Please return the full listing word for word, leaving out any pictures.

**The data**
********************

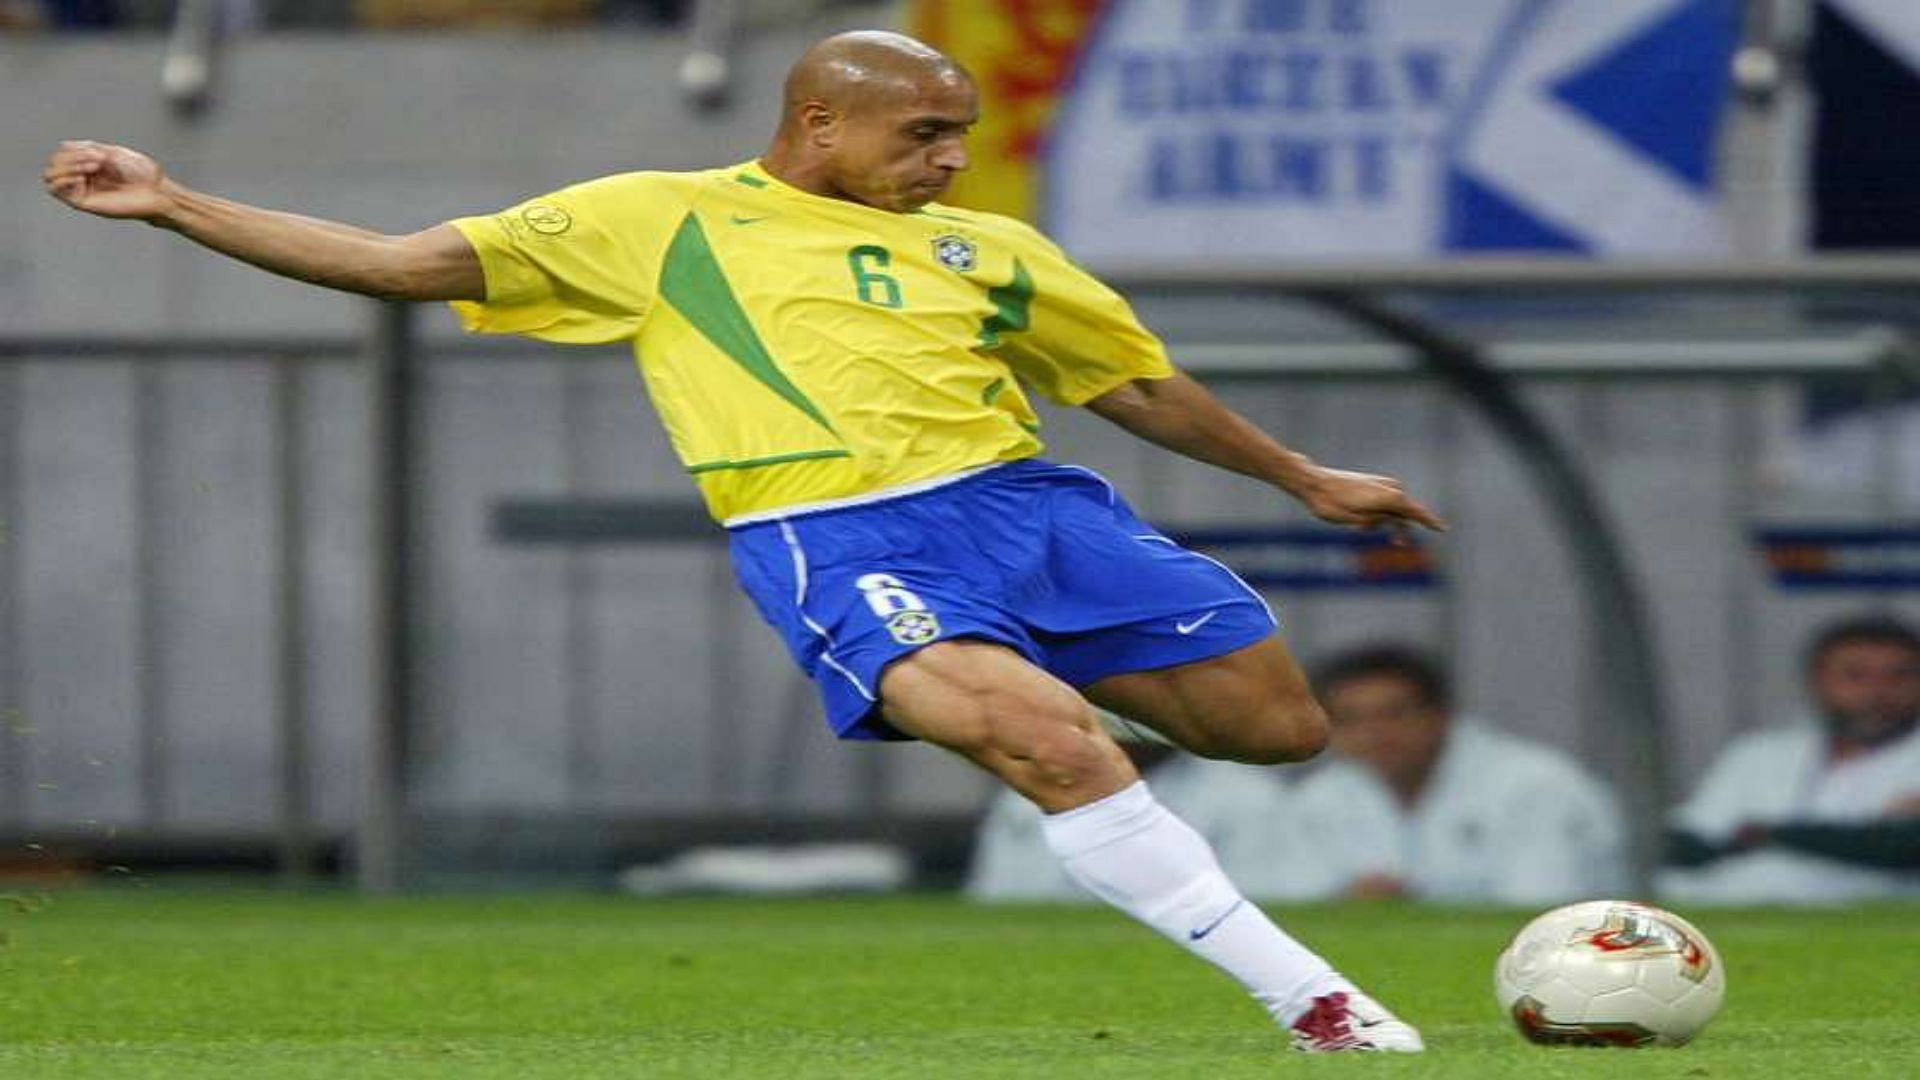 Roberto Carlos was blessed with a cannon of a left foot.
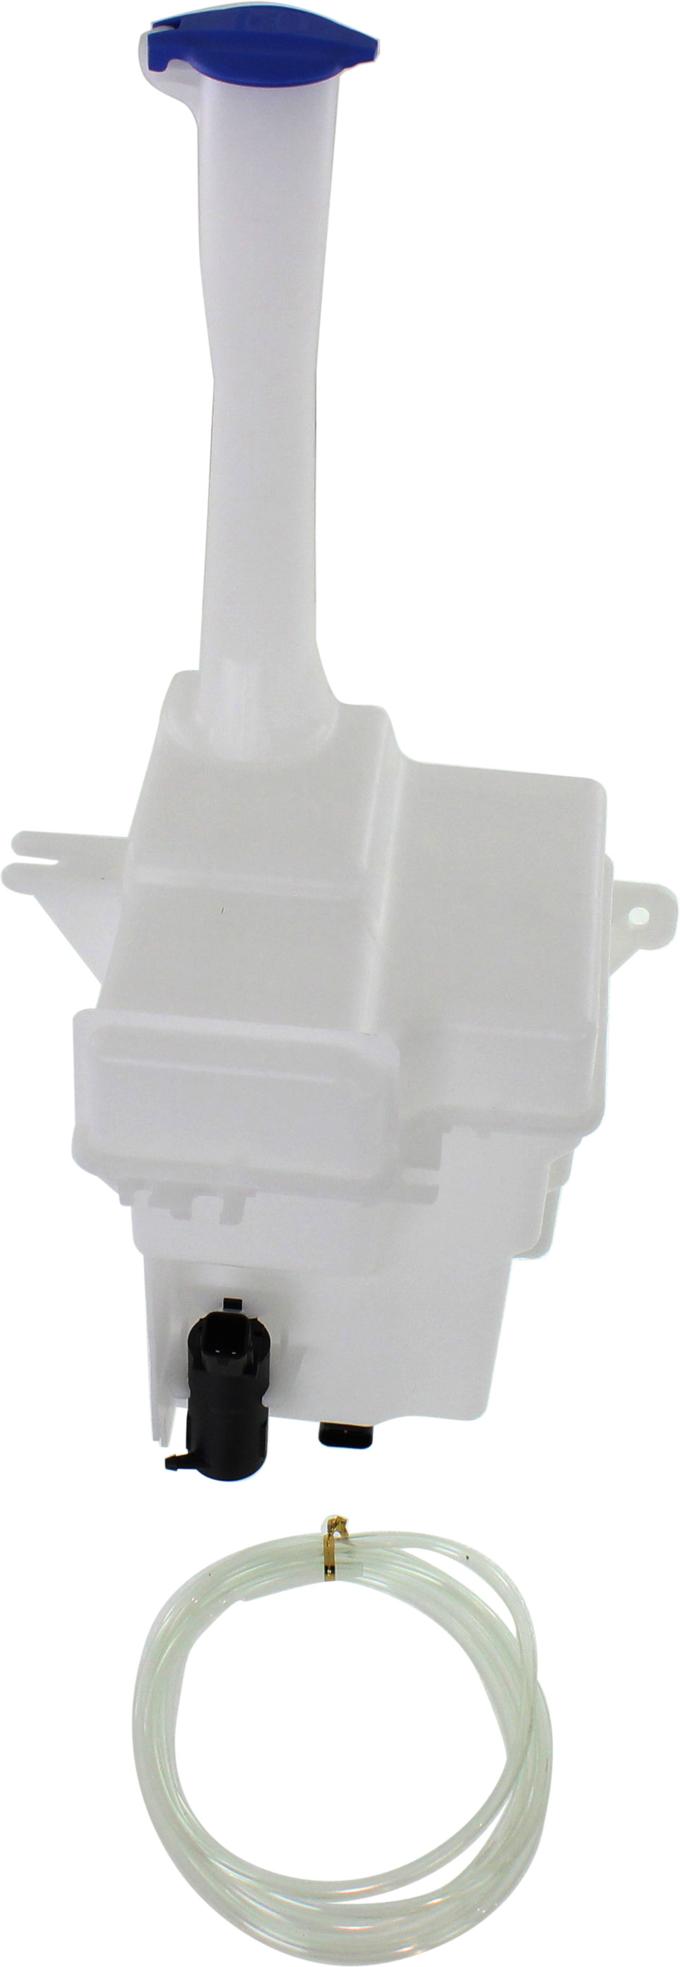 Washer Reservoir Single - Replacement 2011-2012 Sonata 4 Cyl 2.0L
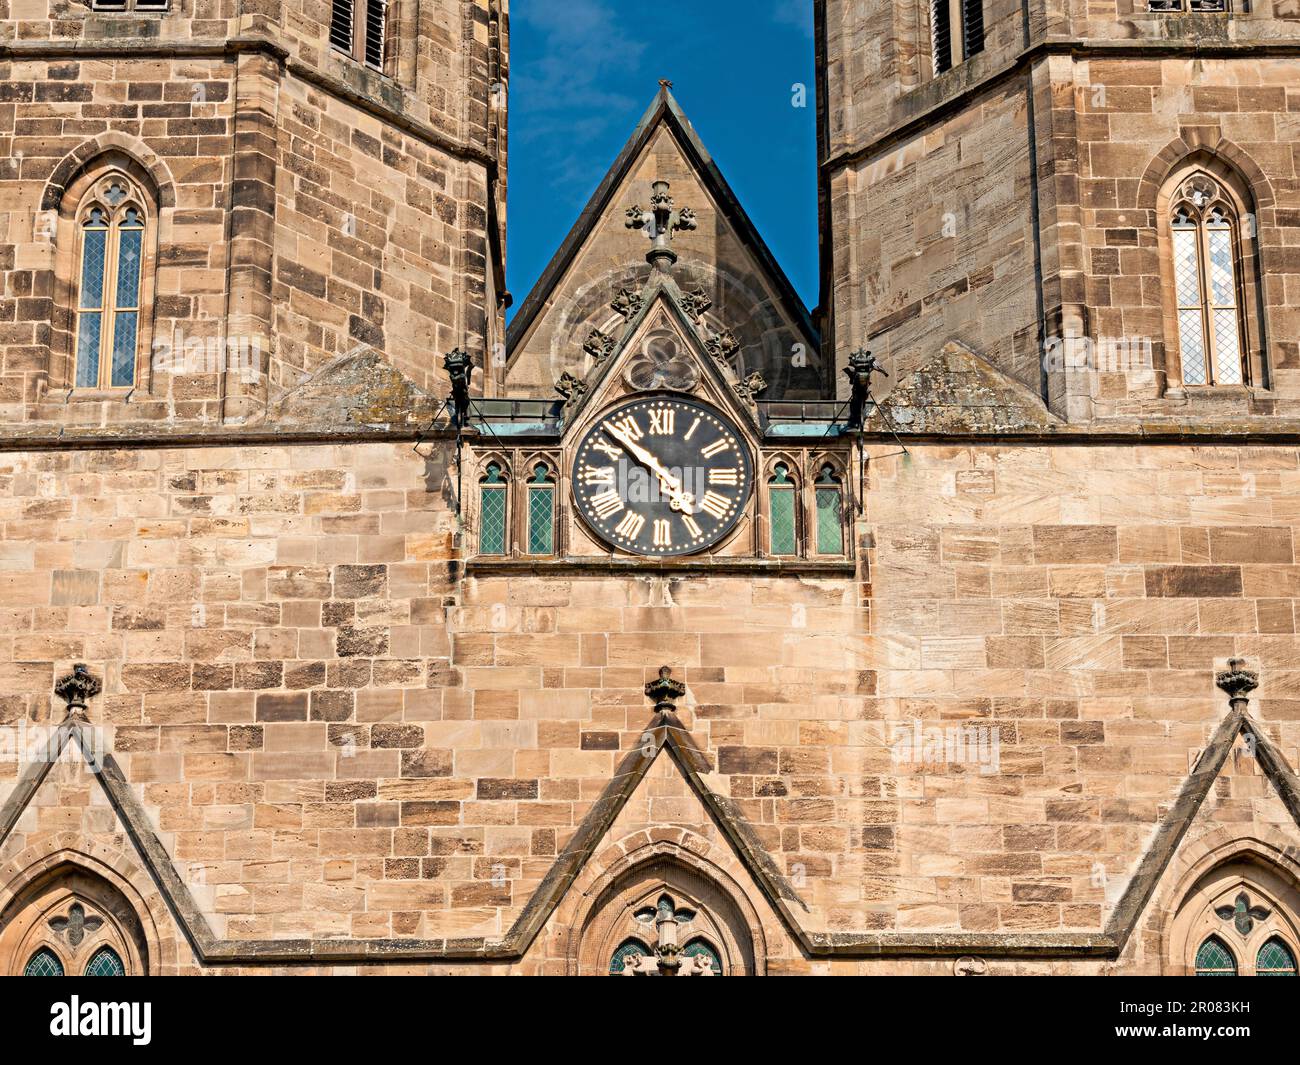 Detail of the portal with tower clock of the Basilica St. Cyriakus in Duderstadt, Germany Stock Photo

********************

**Task solution**
 Roberto Carlos was blessed with a cannon of a left foot.
 Washer Reservoir Single - Replacement 2011-2012 Sonata 4 Cyl 2.0L
 Detail of the portal with tower clock of the Basilica St. Cyriakus in Duderstadt, Germany Stock Photo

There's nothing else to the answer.